It is entirely contrary to decorum to grow overexcited
when you play. Still, you should not play in a careless manner nor lose
deliberately as a way of flattering your opponent. This would make the person
with whom you are playing think that you care little about contributing to his
enjoyment in a well-played match.[1]
- St. John Baptist de La Salle
And so we come to Super Bowl Sunday, the closest thing that
we have to a national ritual expression of our deep devotion to sports. Whether
football fans or not, there are over 100,000,000 of us who tune in to cheer on
our favorite teams, consume our favorite snacks, sit and argue the merits of
players and plays with our favorite people, and generally settle into a
comfortable afternoon as relaxing as that of the players is intensely active
and professionally anxious. (Winners earn over $100K and a $35K ring.)
De La Salle
understood the dynamics and positive aspects of sports and games. He wrote
about the sorts of games that inner-city boys in 17th century France
knew and loved outside of school . . . and sometimes during school. Here are
some examples taken from the book he wrote on politeness, a book that was used
as a reading textbook in his schools, so that these 10-to-13-year-old boys
would learn something useful along with their reading skill.
- “You can play many different kinds of games. Some exercise the mind more; others afford more exercise to the body.”
- Games of chance “are not only forbidden by God’s law, but they are not even permitted by the rules of decorum. Consider them unworthy of an educated person.”
- “It is very impolite for you to make fun of a player who has shown a lack of skill.”
- “There are two passions that you must particularly guard against, so that you do not yield to them when playing games. The first is avarice, and this is ordinarily the source of the second, impatience and fits of anger.”
A section of the Conduct of Schools (1720) lists, with
real insight, six ways that a teacher can be unbearable to students.[2]
Notice that it talks about teachers being unbearable, not students.

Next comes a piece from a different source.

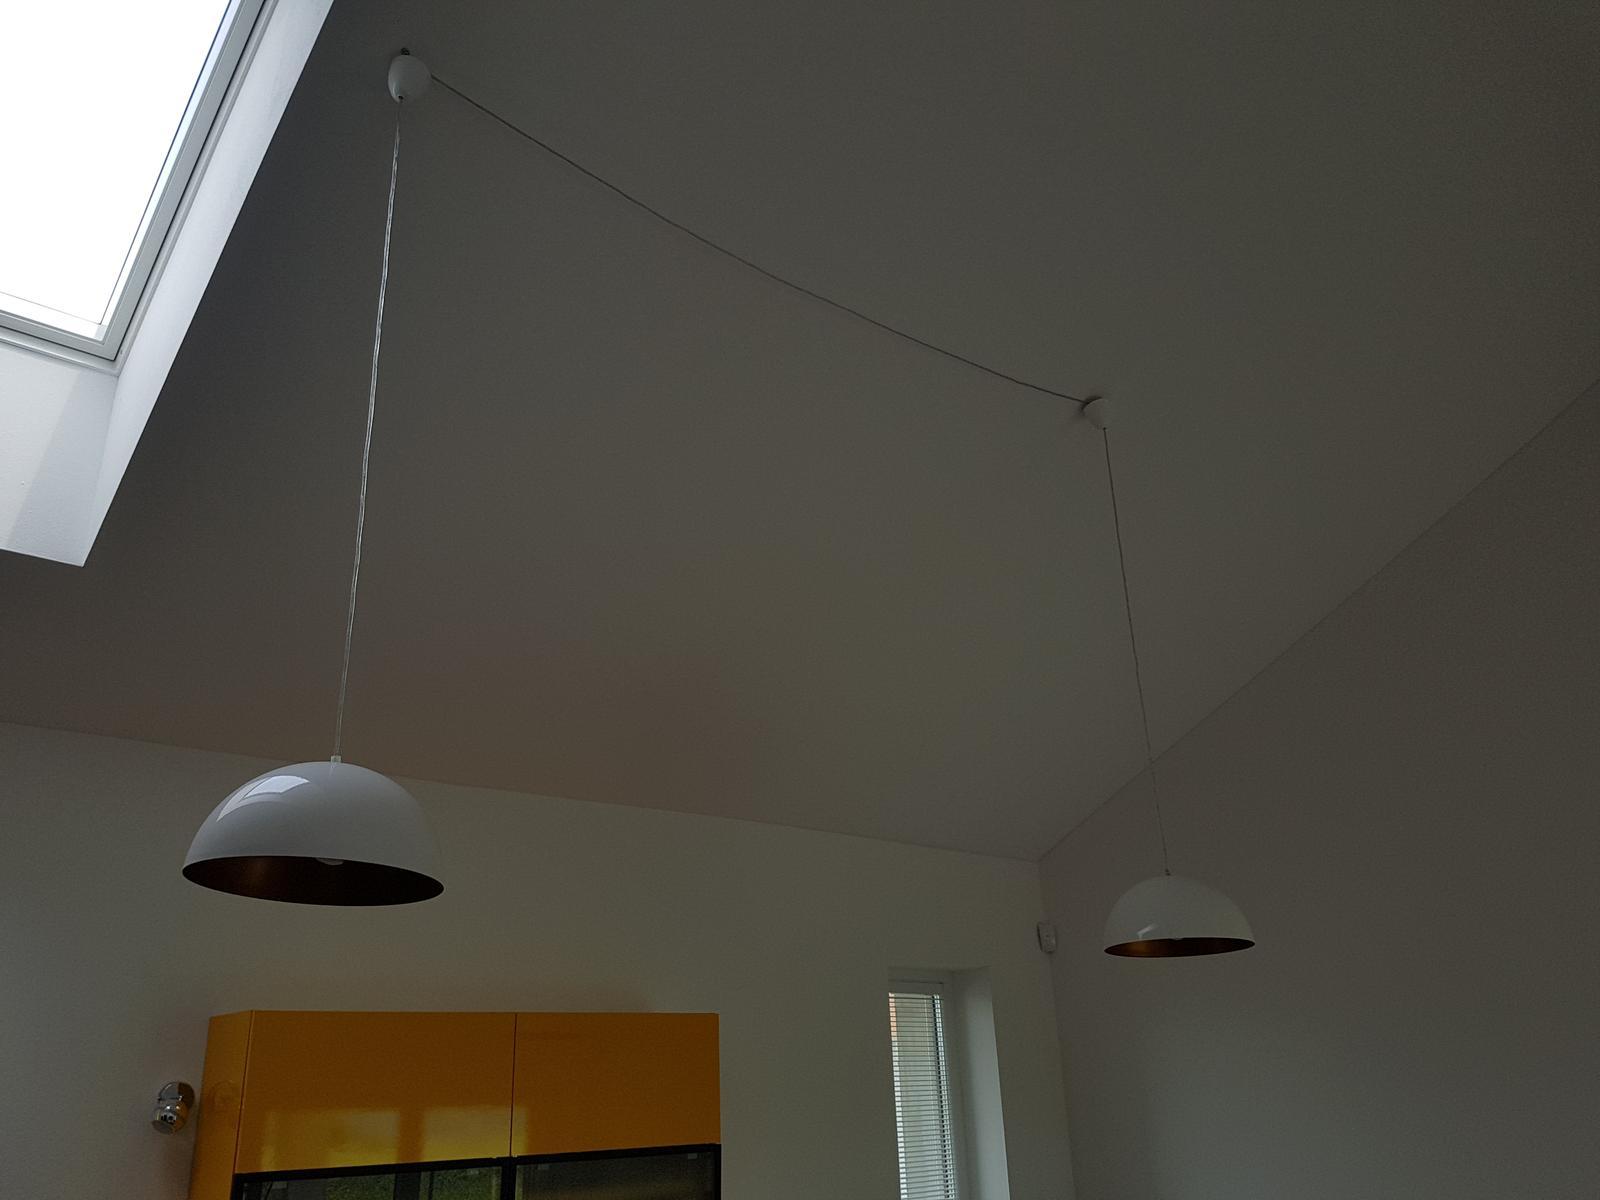 Dokoncovacie prace pred nastahovanim - zavesene svetla

With a few slight changes, here is how that section might be applied to coaches
and sports.
- First, the coach's corrections are too rigorous and the yoke which the coach imposes upon the athletes is too heavy. This state of affairs is frequently due to lack of discretion and judgment on the part of the coach. It often happens that athletes do not have enough strength of body or of mind to bear the burdens which many times overwhelm them.
- Second, when the coach enjoins, commands, or demands something of the athletes with words too harsh and in a manner too domineering. Above all, the coach's conduct is unbearable when it arises from unrestrained impatience or anger.
- Third, when the coach is too insistent in urging upon an athlete some performance which the athlete is not disposed to do, and the coach does not permit the athlete the leisure or the time to reflect.
- Fourth, when the coach demands little things and big things alike with the same passion.
- Fifth, when the coach immediately rejects the reasons and excuses of athletes and is not willing to listen to them at all.
- Sixth, when the coach is not mindful enough of personal faults that he [or she] does not know how to sympathize with the weaknesses of athletes and so exaggerates their faults too much. This is the situation when the coach reprimands them or punishes them and acts as though dealing with an insensible instrument rather than with a creature capable of reason.
[2] There is also a section that
lists six ways that a teacher’s (coach’s) weakness leads to laxity, but there
is not enough space in this reflection to list them. Worth looking up, however,
in The Conduct of the Christian Schools
(2007) – Pages 135-137.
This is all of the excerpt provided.